Association of the Holy Land
- Formation: 2002

= ATS Association of the Holy Land =

The Holy Land Association (Associazione di Terra Santa, or ATS) is the non-governmental charitable organisation of the Custody of the Holy Land. In this regard, the President of the association is entitled to the Custody of the Holy Land.

The association was formed in 2002 to provide an enclosure for the realization of projects for the protection of the places of Holy Land and the resident population in all countries of the Custody of the Holy Land: Israel, the Palestinian territories, Cyprus, Egypt, Syria, Jordan, Lebanon, and Rhodes (Greece) .

In 2002, in agreement with the Jordanian authorities for Madama and Umm Al Rasas, the Faculty of Architecture of the University of Florence (in Florence), Jordanian Department of Antiquities, the ATS has carried out the restoration and a museum of the Memorial of Moses on Mount Nebo.
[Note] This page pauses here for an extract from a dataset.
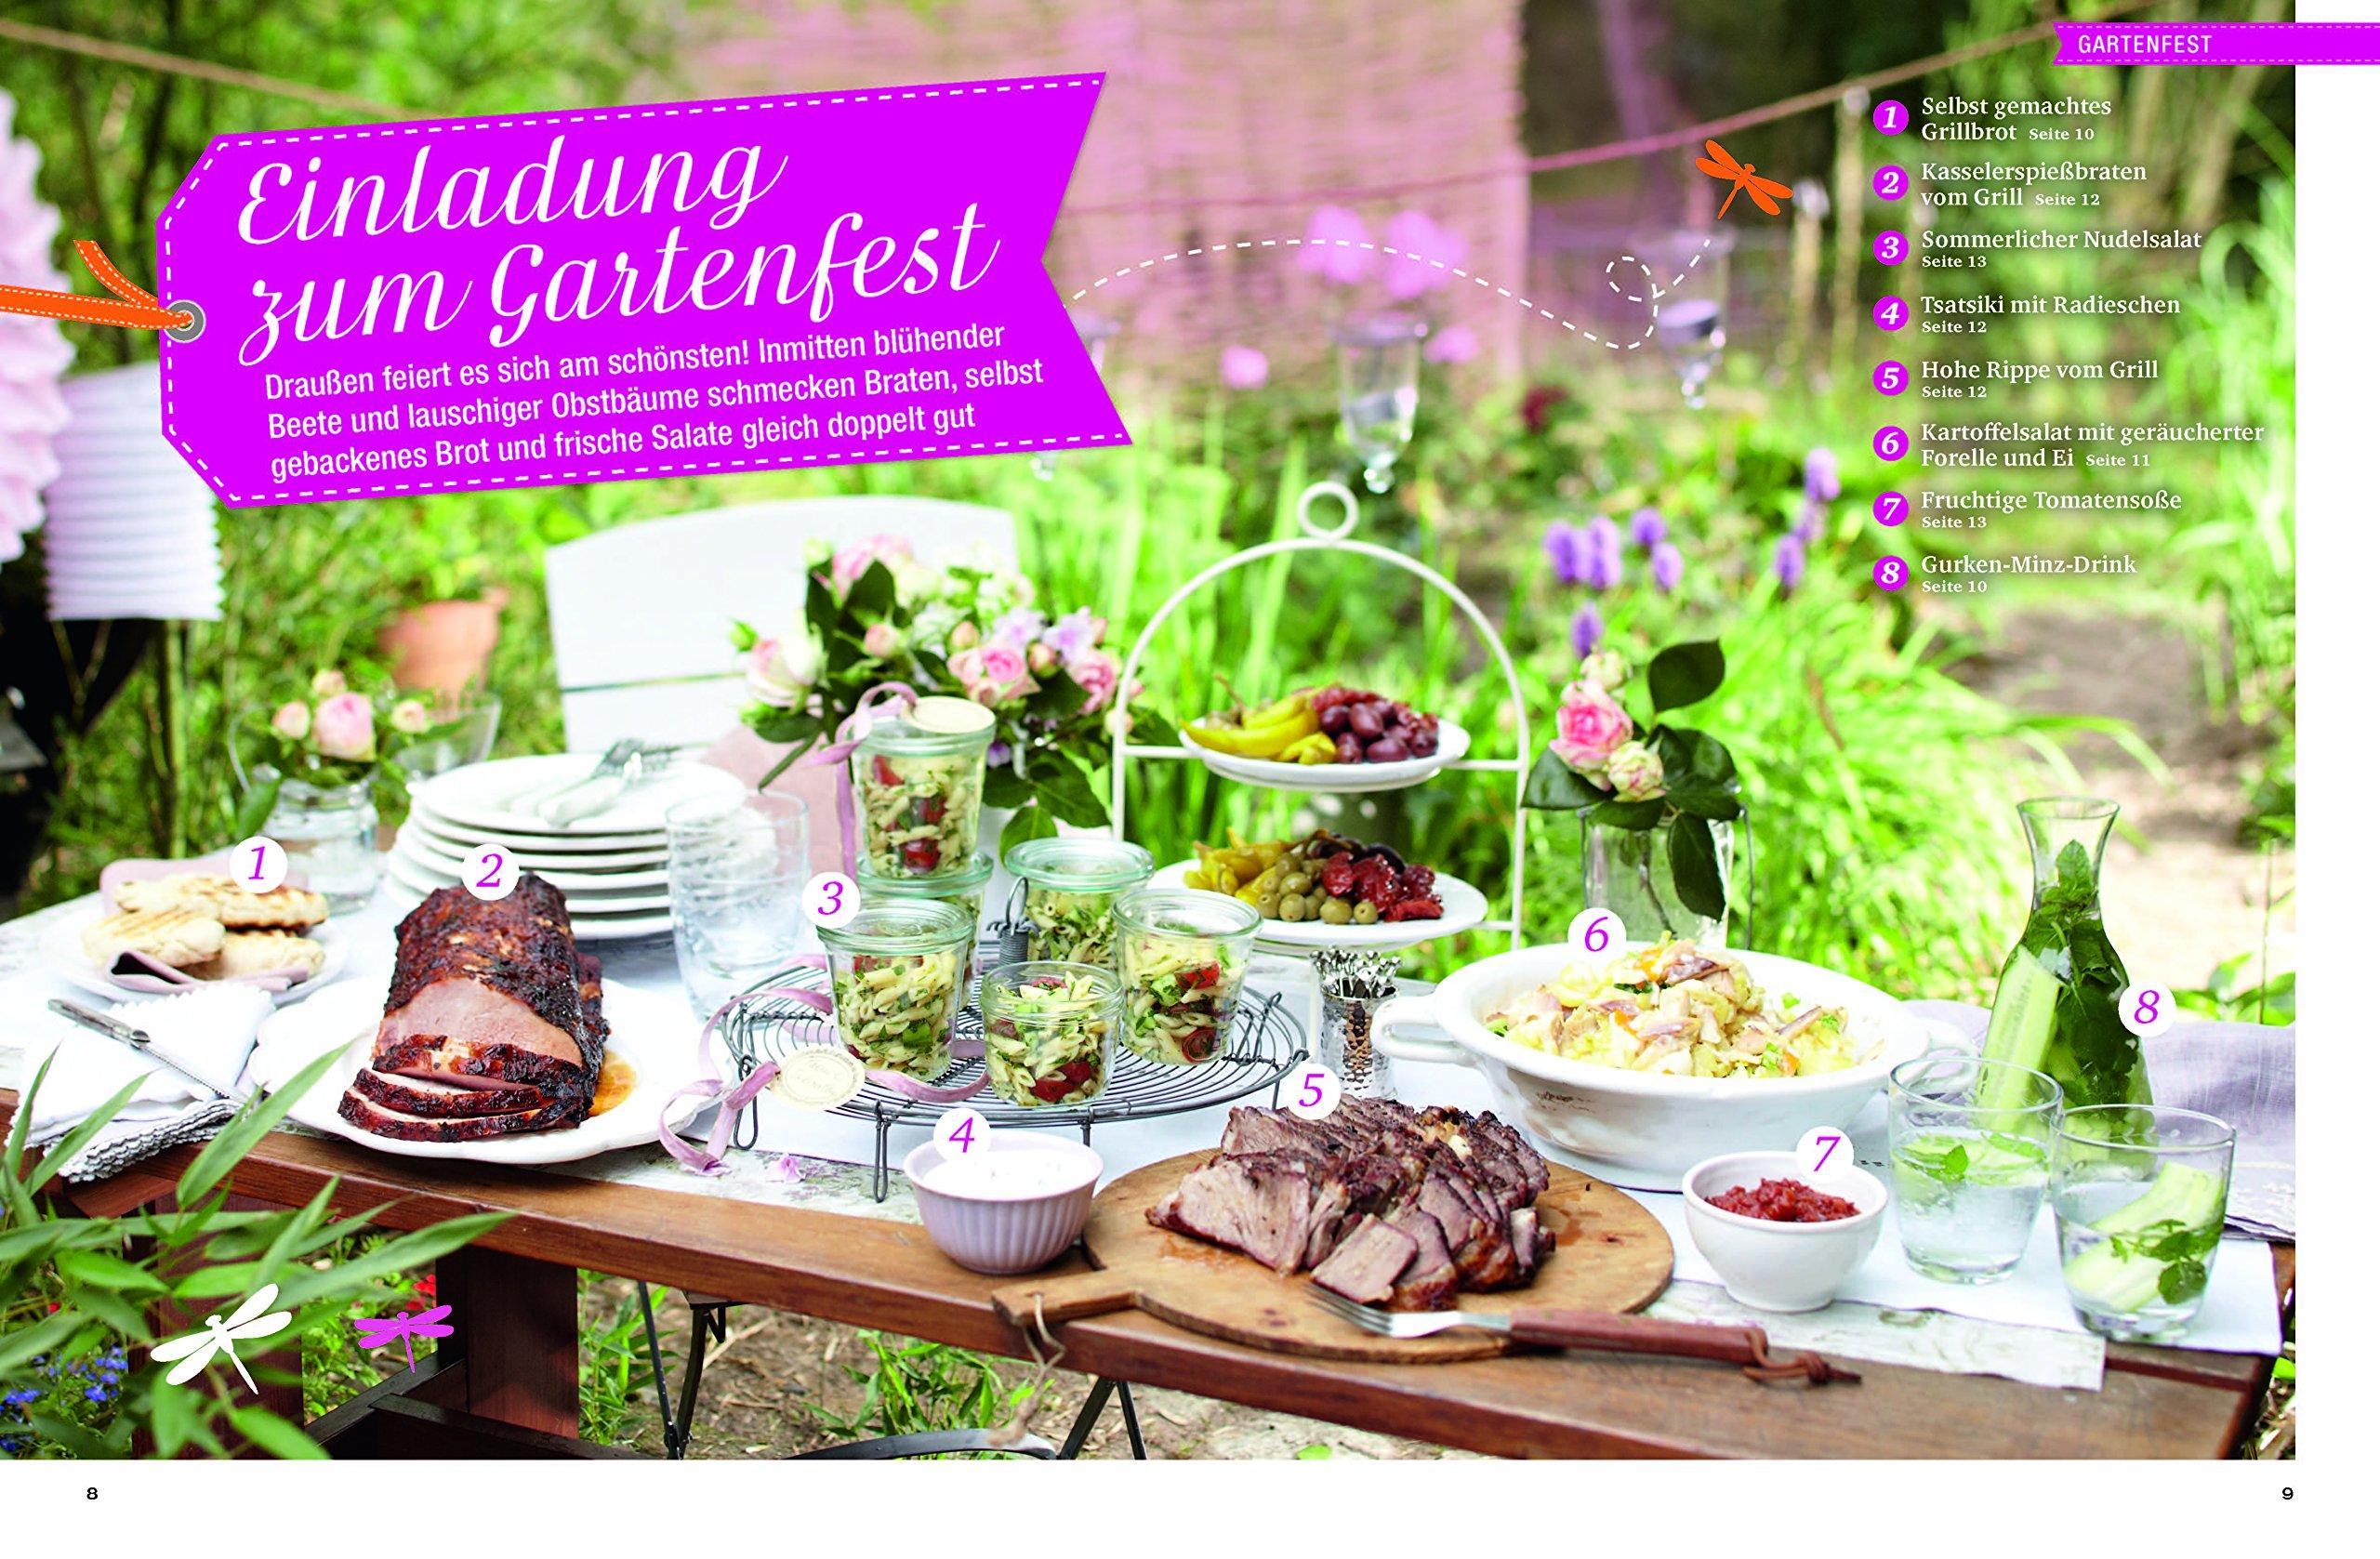 Sommerküche Kochen : Kochen & genießen sommerküche: grillen picknick gartenfest und

In addition, the ATS in 2002, with the support of UNESCO, the Italian Ministry of Foreign Affairs, (Florence, Rome La Sapienza) and abroad (Copenhagen) has launched an intensive information campaign on the terms of the socio-economic deprivation and cultural heritage of the Middle East.
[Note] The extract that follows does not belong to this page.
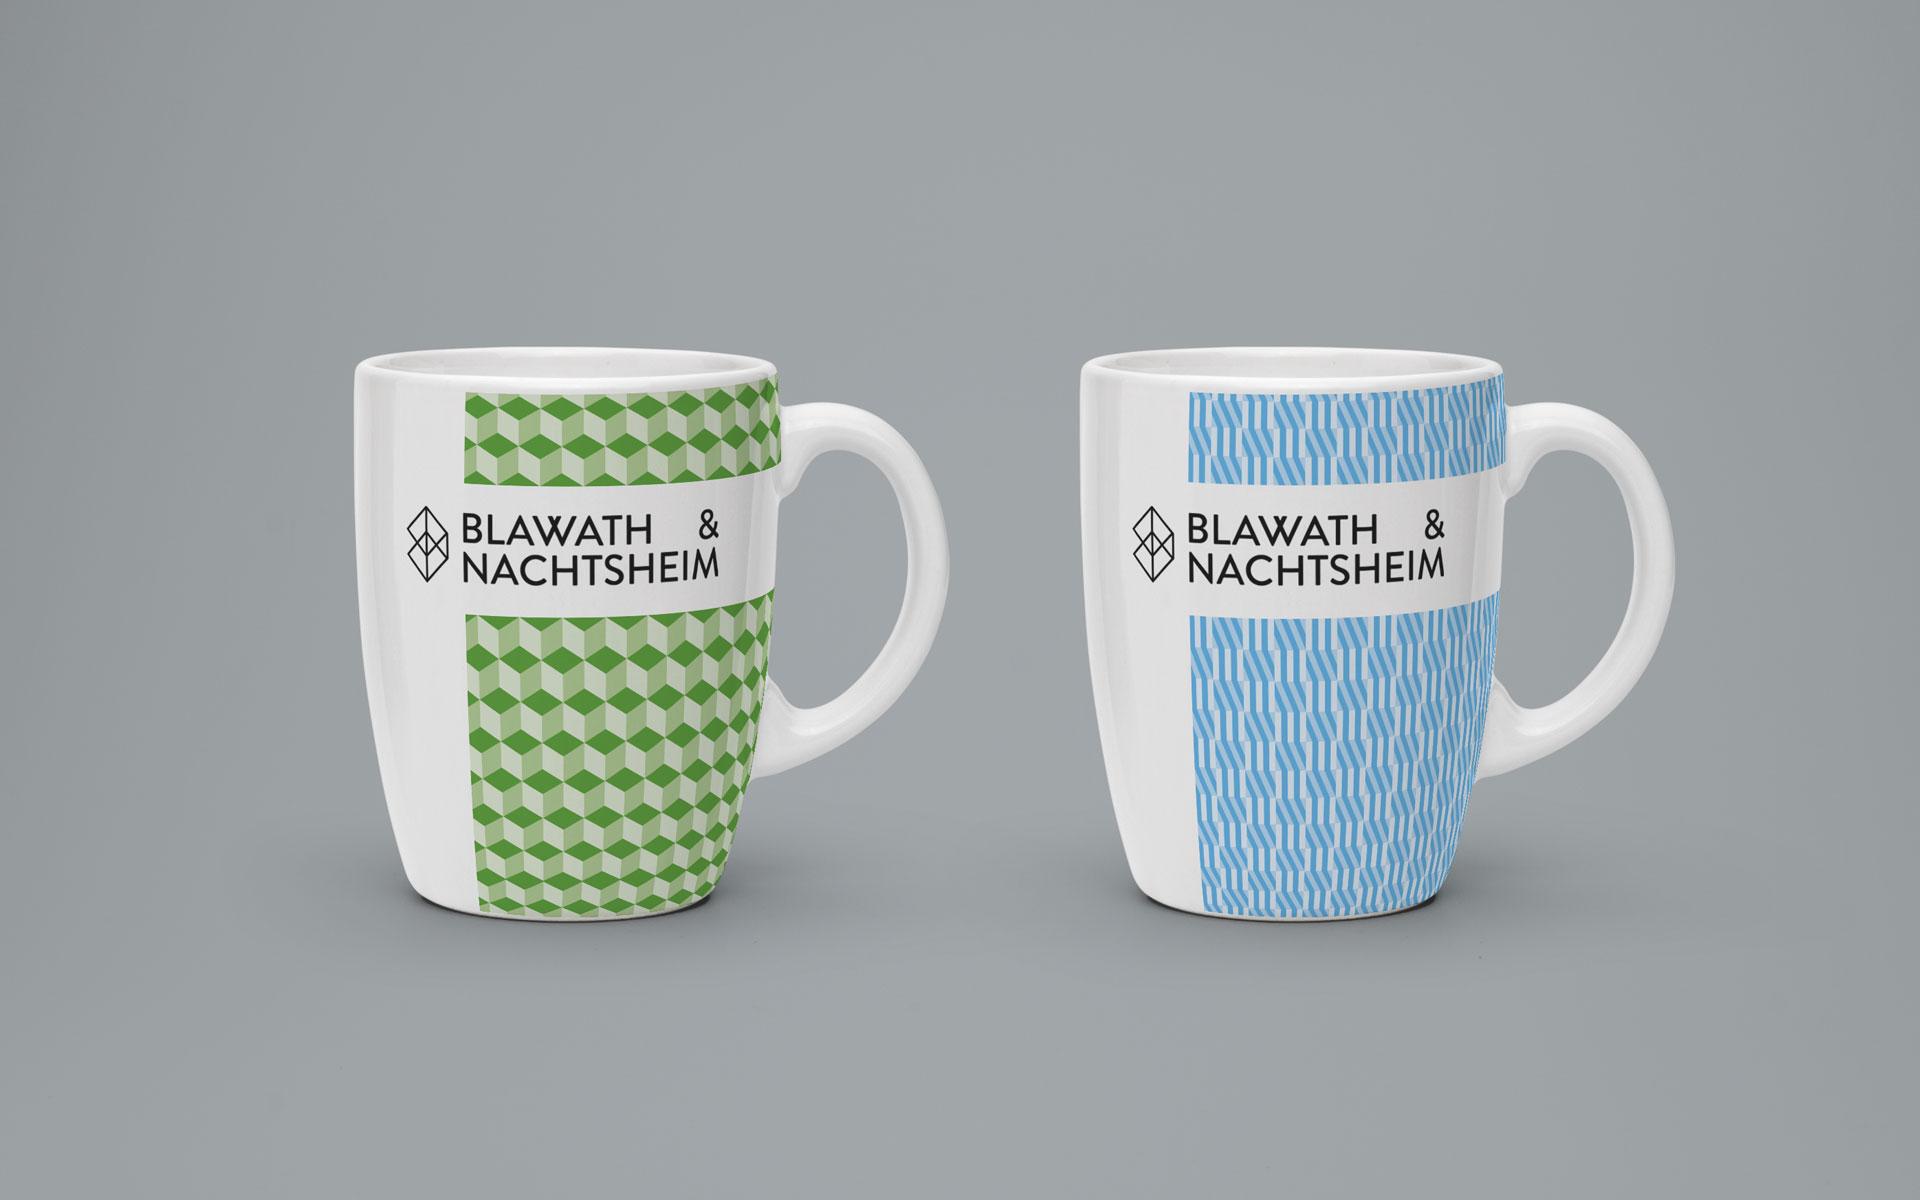 Blawath & Nachtsheim Corporate Design, Branding von Tassen

In 2006, under the direction of Father Michele Piccirillo, and with the support of the Regione Lazio, has been completed the restoration of the carpet floor of the Church of Saint George in Jericho, dating back to 536 A.D.

Following the war between Israel and Lebanon, between July and August 2006, ATS and the Regione Lombardia have carried out a program of intervention for the protection of affected populations.